Reputation: 187
I am very new to Scala this problem I was trying to solve in spark, which also uses Scala for performing operation on RDD's.
Till now, I have only seen aggregate functions with only one initial value (i,e some-input.aggregate(Initial-value)((acc,value)=>(acc+value)))
, but this program has two initial values (0,0).
As per my understanding this program is for calculating the running average and keeping track of the count so far.
val result = input.aggregate((0, 0))(
(acc, value) => (acc._1 + value, acc._2 + 1),
(acc1, acc2) => (acc1._1 + acc2._1, acc1._2 + acc2._2))
val avg = result._1 / result._2.toDouble
I know that in foldLeft
/ aggregate
we supply initial values, so that in case of empty collection we get the default value, and both have accumulator and value part.

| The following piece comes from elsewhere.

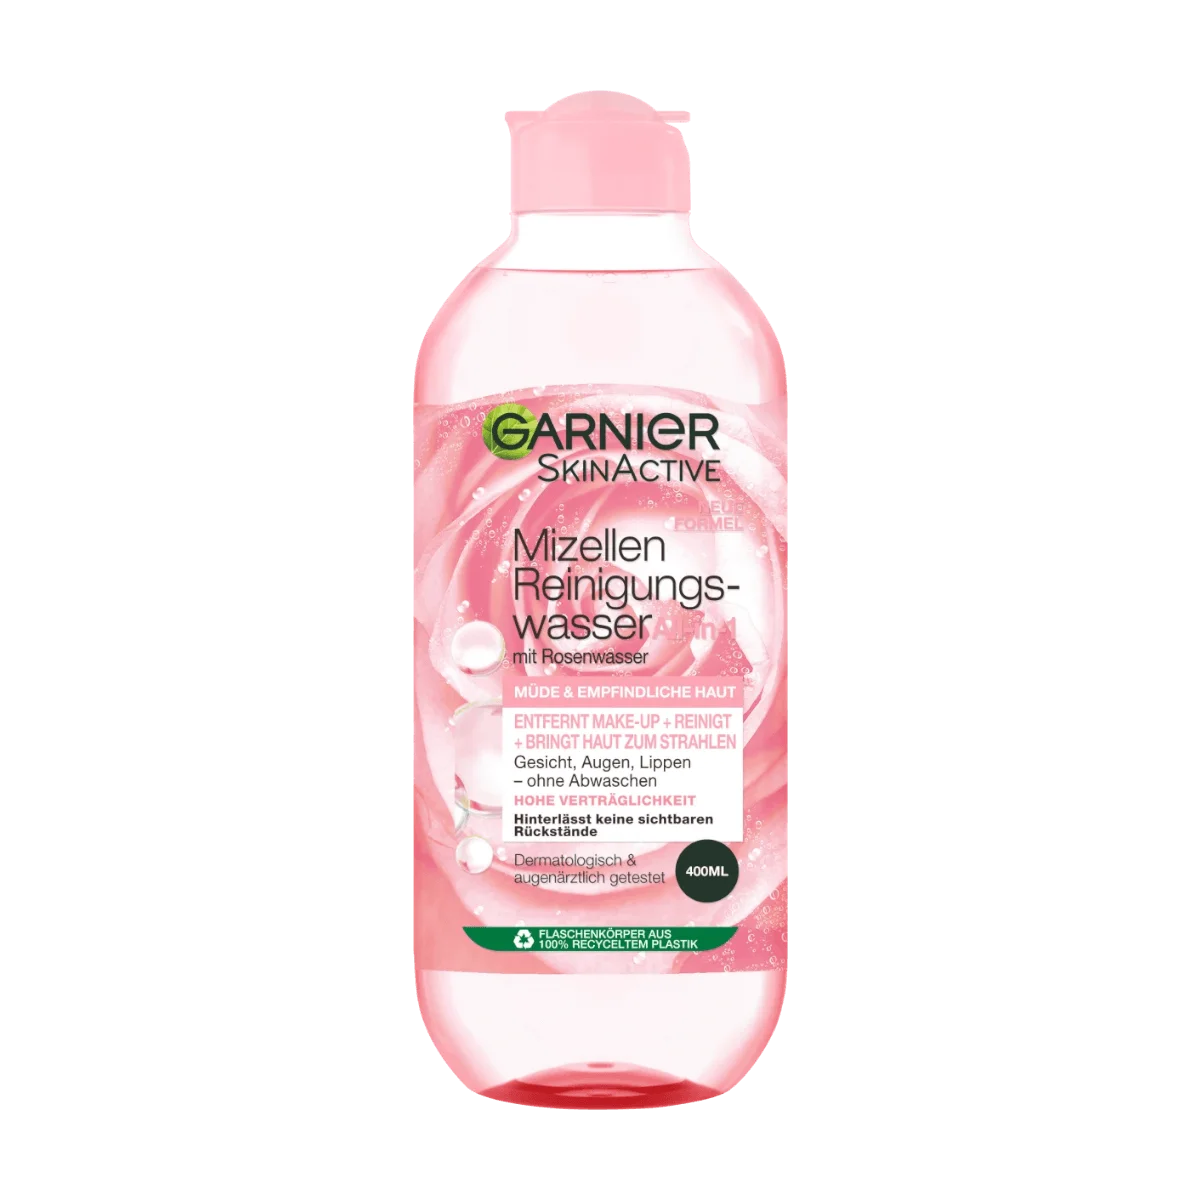 Garnier SkinActive Mizellen Reinigungswasser All-in-1 mit Rosenwasser, 400 ml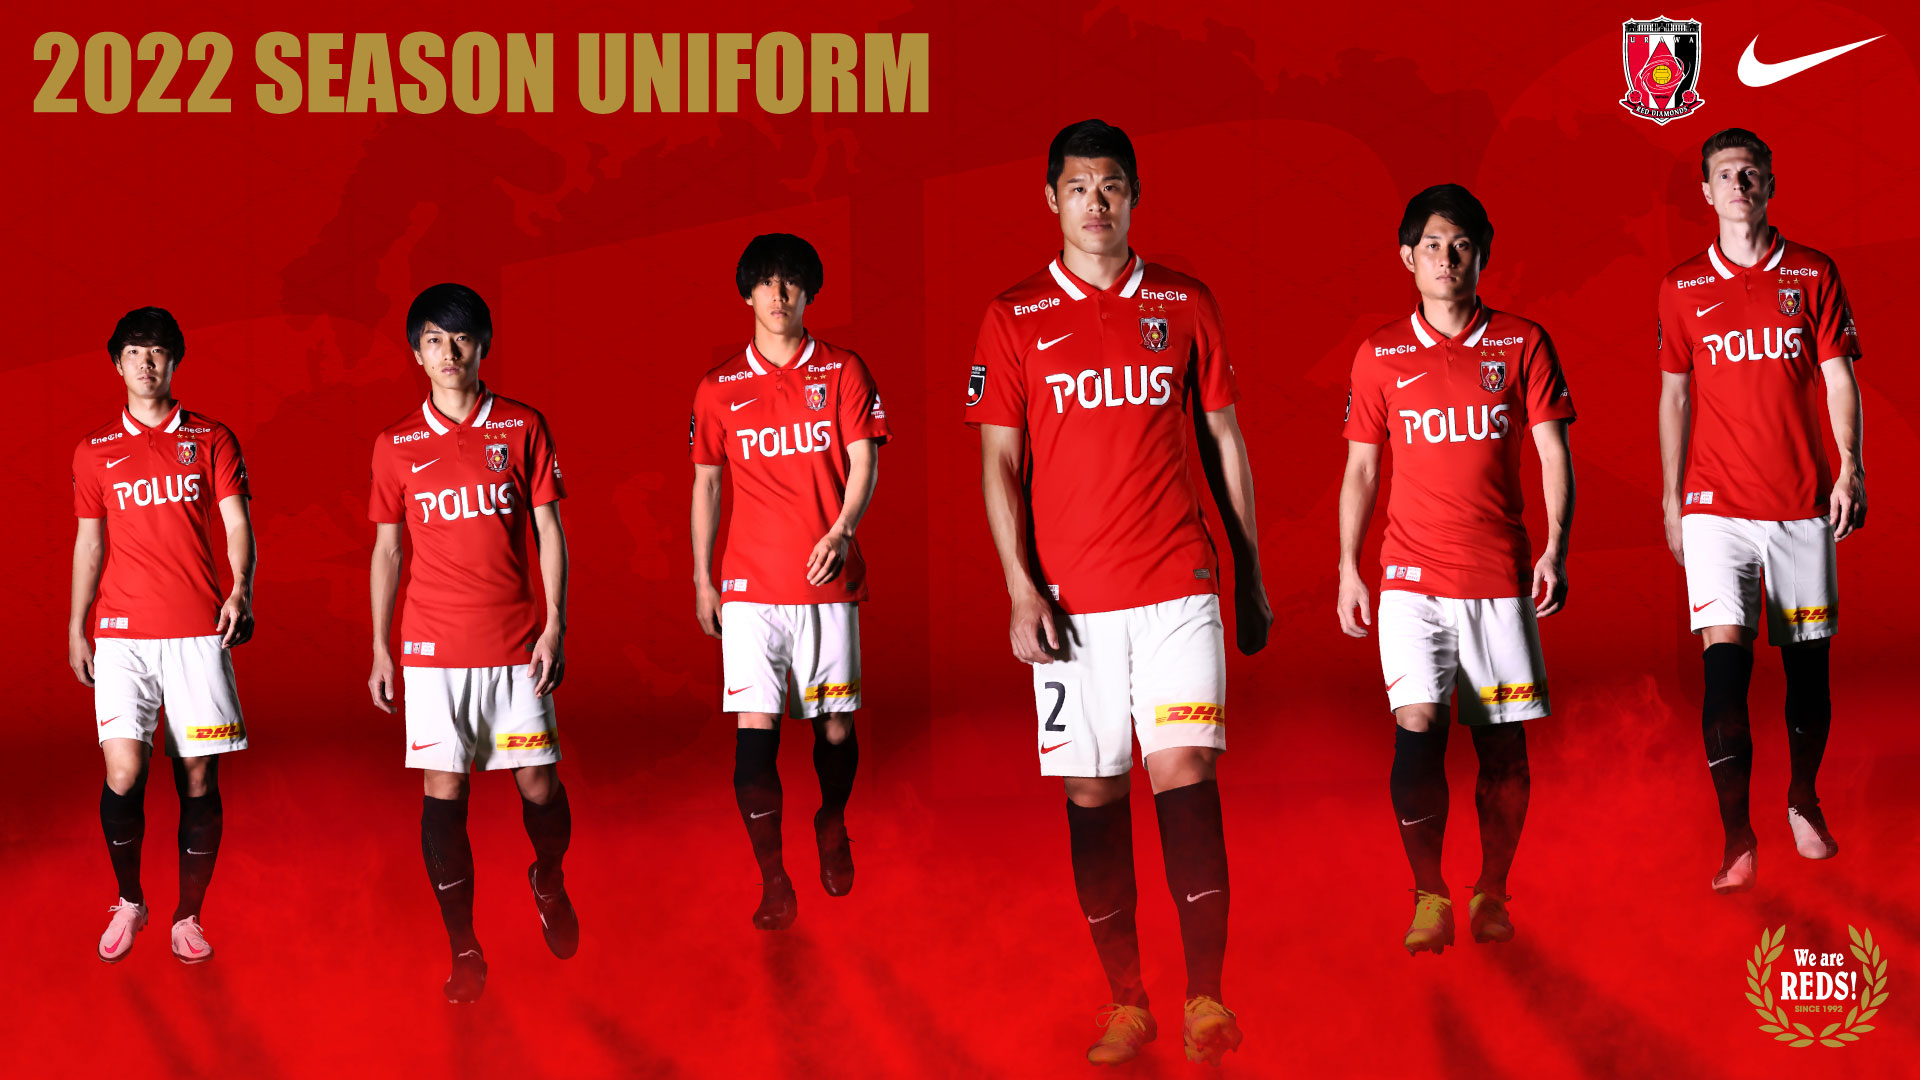 2022 Season Uniform

But in this case, we have two initial values, and accumulator is accessing tuple values. Where is this tuple defined?
Can someone please explain this whole program line by line.
Upvotes: 1
Views: 597
Reputation: 149528
but this program has two initial values (0,0).
They aren't two parameters, they're one Tuple2
:
input.aggregate((0, 0))
The value passed to aggregate
is surrounded by additional round brackets, (( )
), which are used as syntactic sugar for Tuple2.apply
. This is where you're seeing the tuple come from.
If you look a the method definition (I'm assuming this is RDD.aggregate
), you'll see it takes a single parameter in the first argument list:
def aggregate[U](zeroValue: U)(seqOp: (U, T) ⇒ U, combOp: (U, U) ⇒ U)
(implicit arg0: ClassTag[U]): U
Upvotes: 6